He kept the charms professor and potions master close, making sure that he was flanked by the only two people in a thousand miles with more skill in their respective professions than he had. Save for Pomfrey.
Professors Sprout and Mcgonagall flanked the school healer and had orders to close off the entrance with herbological and transfiguration magic should the first three fall.
He would have had Minerva at his side in place of Filius were it not for the fact that his own skills at transfiguration were far superior to hers and the strategic advantages of having a charms master and someone knowledgeable of the dark arts taking point with him over a fellow master of transfiguring.
At least that's what he told the young(er) woman, knowing that the truth of his chivalrous designs would only infuriate her and his other fair companions.
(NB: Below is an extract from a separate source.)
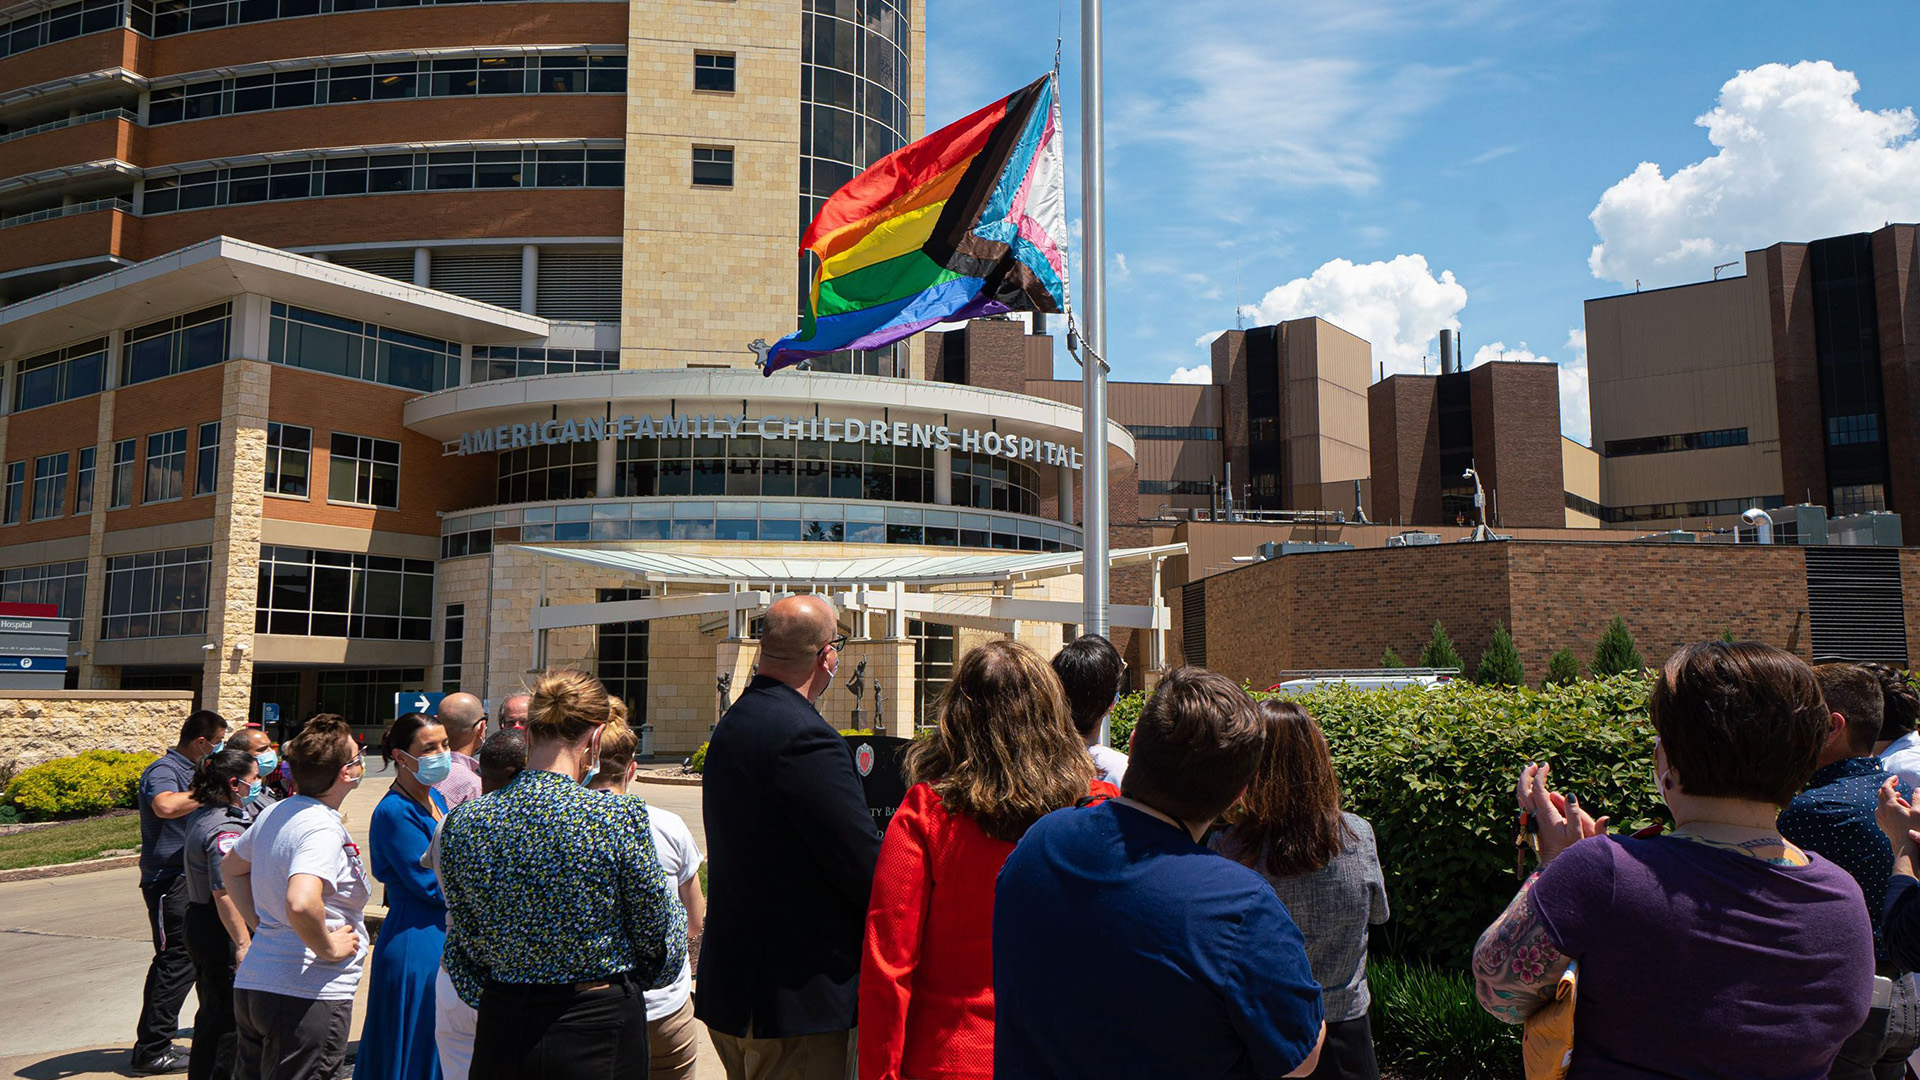 People watch and applaud as the Progress Pride flag is raised on a flagpole in front of a group of buildings, with a letter sign above one entrance reading "American Family Children's Hospital."
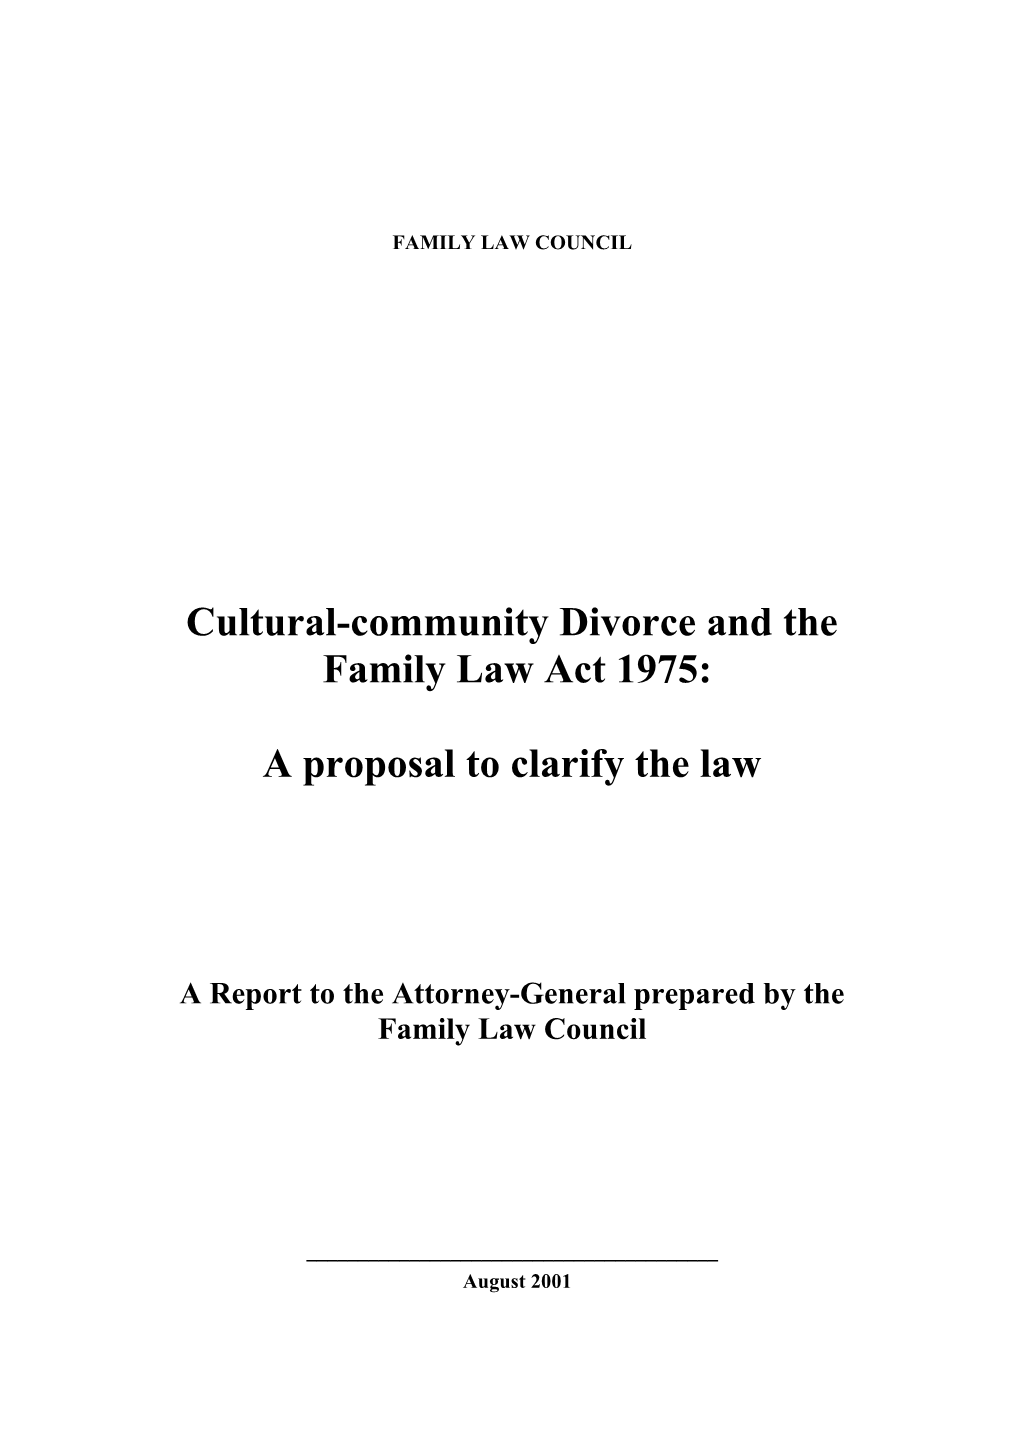 Cultural-Community Divorce and The

They reached something like a vault door. It stood ajar and they carefully surrounded the sides, Flitwick ducking low to keep out of sight as he dashed to the other end and Severus taking the right.
With his two pointmen pressed against the sides of the vault door, Albus walked through the gaping portal and into a massive, truly awe-inspiring chamber
He squashed the childlike giddiness and desire to explore before it could rise up. The serpent statues, the elephantine pipeways, the smooth artisan floor and ceiling. They all begged him to investigate, but he refused those feelings in lieu of the urgent matter at hand.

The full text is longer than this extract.